Fwd: How to track down which commands sudoers set up?

whoops! sorry peter

sent to list proper this time. [vagaries of gmail]

---------- Forwarded message ----------
From: Stuart Howard <stuart.g.howard@xxxxxxxxx>
Date: 14-Jun-2006 12:38
Subject: Re: How to track down which commands sudoers set up?
To: Peter Morgan <peterjmorgan@xxxxxxxxx>

I believe that sudo can be configured to limit the extent to which the
proviledge is used, in other words you could probably set it up to
allow your users to do what they need but not to delete their tracks
eg. bash_history.or rm /var/log/*
I cant say I have done this myself but I did read man sudo a while
back and such things seemed possible.


ps. If you know what specific authoirty you wish to grant rather than
all except xxx it may be easier to so this.

On 13/06/06, Peter Morgan <peterjmorgan@xxxxxxxxx> wrote:
Are you referring to the commands issued by a user with SUDO
privileges, or someone that issued the su command to change from the
current user to a UID of 0 (root)?

In the first case, (on my Ubuntu Dapper system) you can look in the
auth.log, it will list what command the user issued through sudo.

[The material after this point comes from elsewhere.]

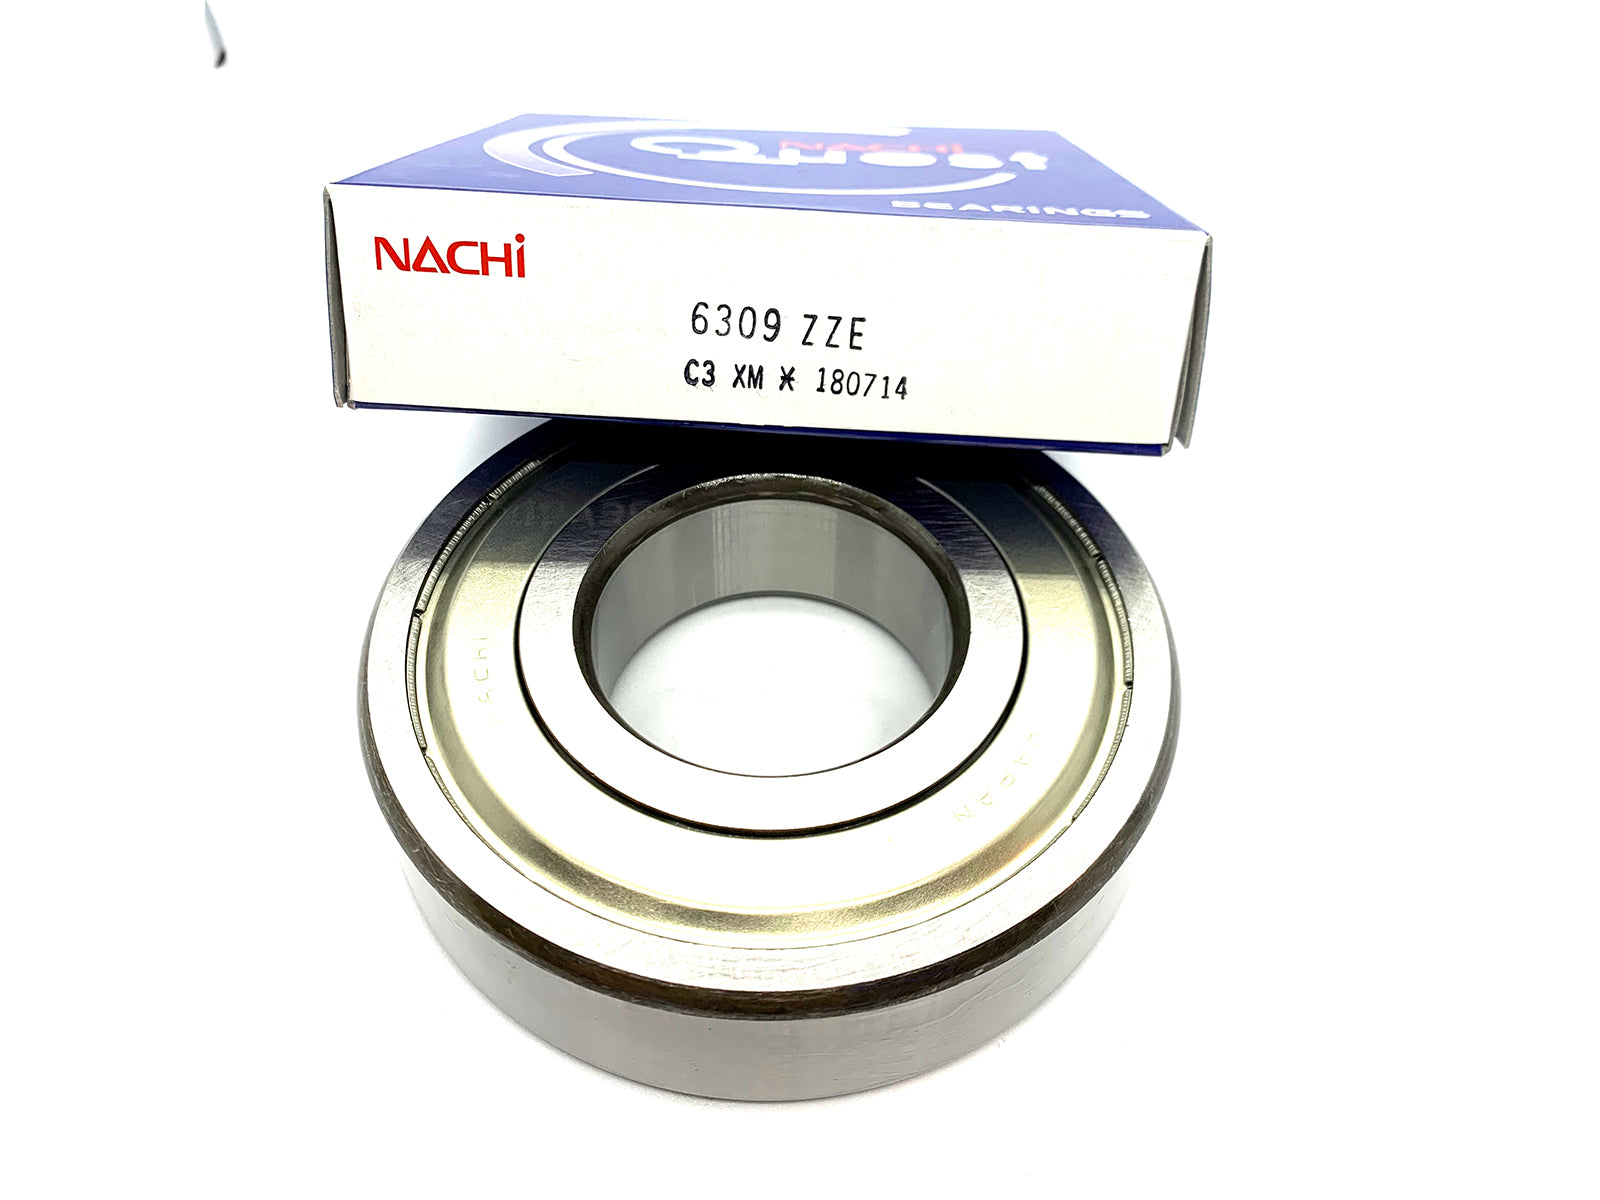 6309-ZZE3 C3 Nachi Ball Bearing - ppdistributors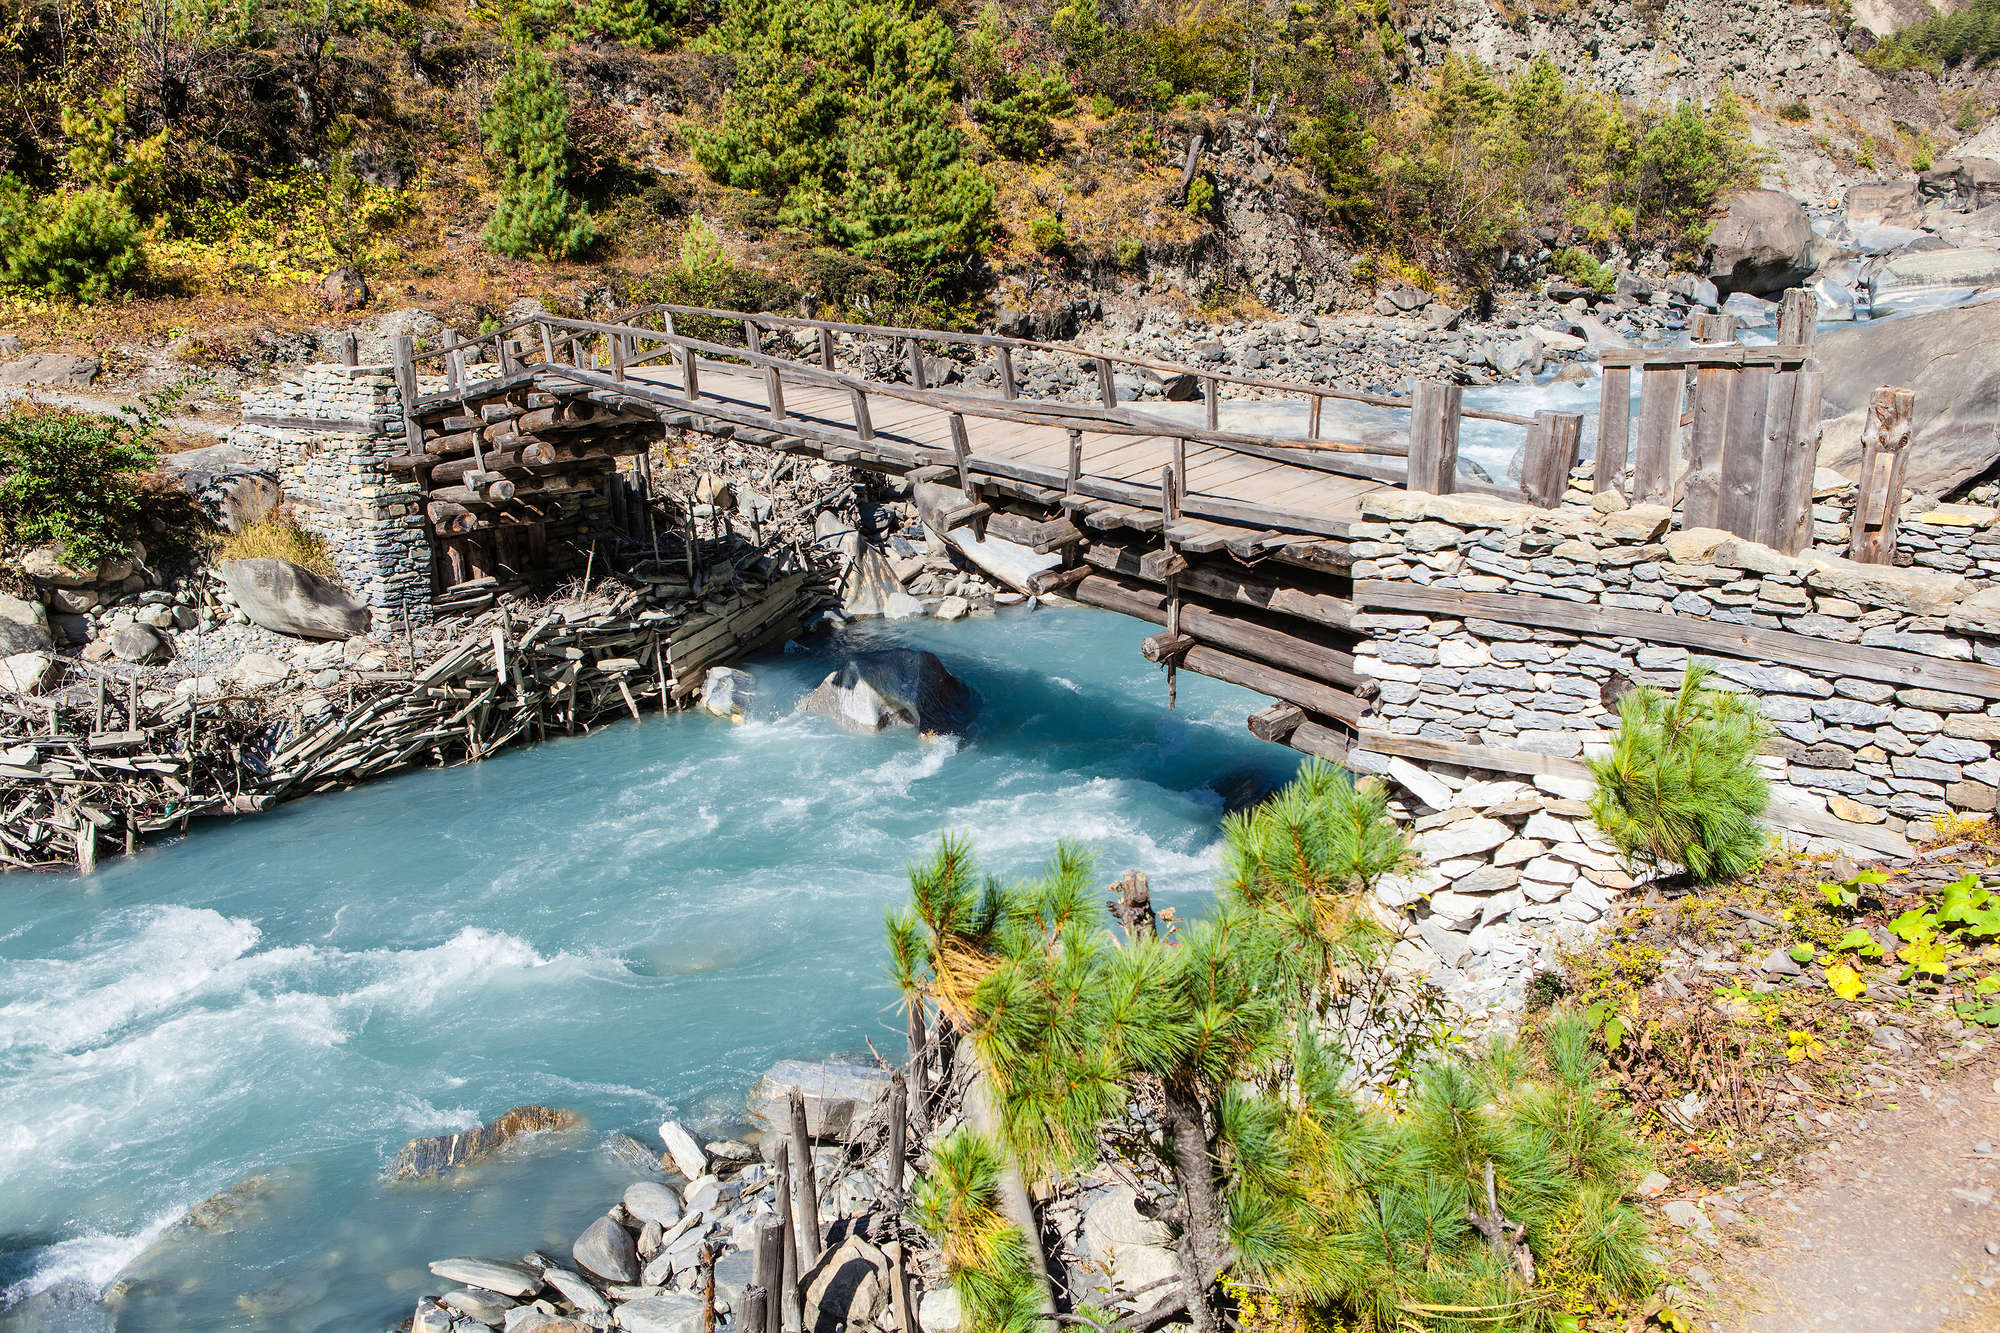             Natur Fototapete Fluss mit alter Holzbrücke auf Premium Glattvlies

If
you can't find the logfile, try this:

bash-$ grep -ilr sudo /var/log

and that should find what file on your system houses the logs for sudo.

In the second case, I do not believe there exists a default facility
in linux to track what commands a user issued when having su'ed to
root. The best you could do is copy the shell history file from /root
and analyze what is left of that. If the user was doing something
malicious (or something they didn't want logged) they likely would
have erased those entries in the shell history file.

Hope this helps,


On 6/13/06, Jannis Kafkoulas <kajannis@xxxxxx> wrote:
> Hello,
> I'd like to find out what exactly any user did after they turned to superuser
> and when exactly each cmd was processed (in a Linux box).
> Can someone help me managing this?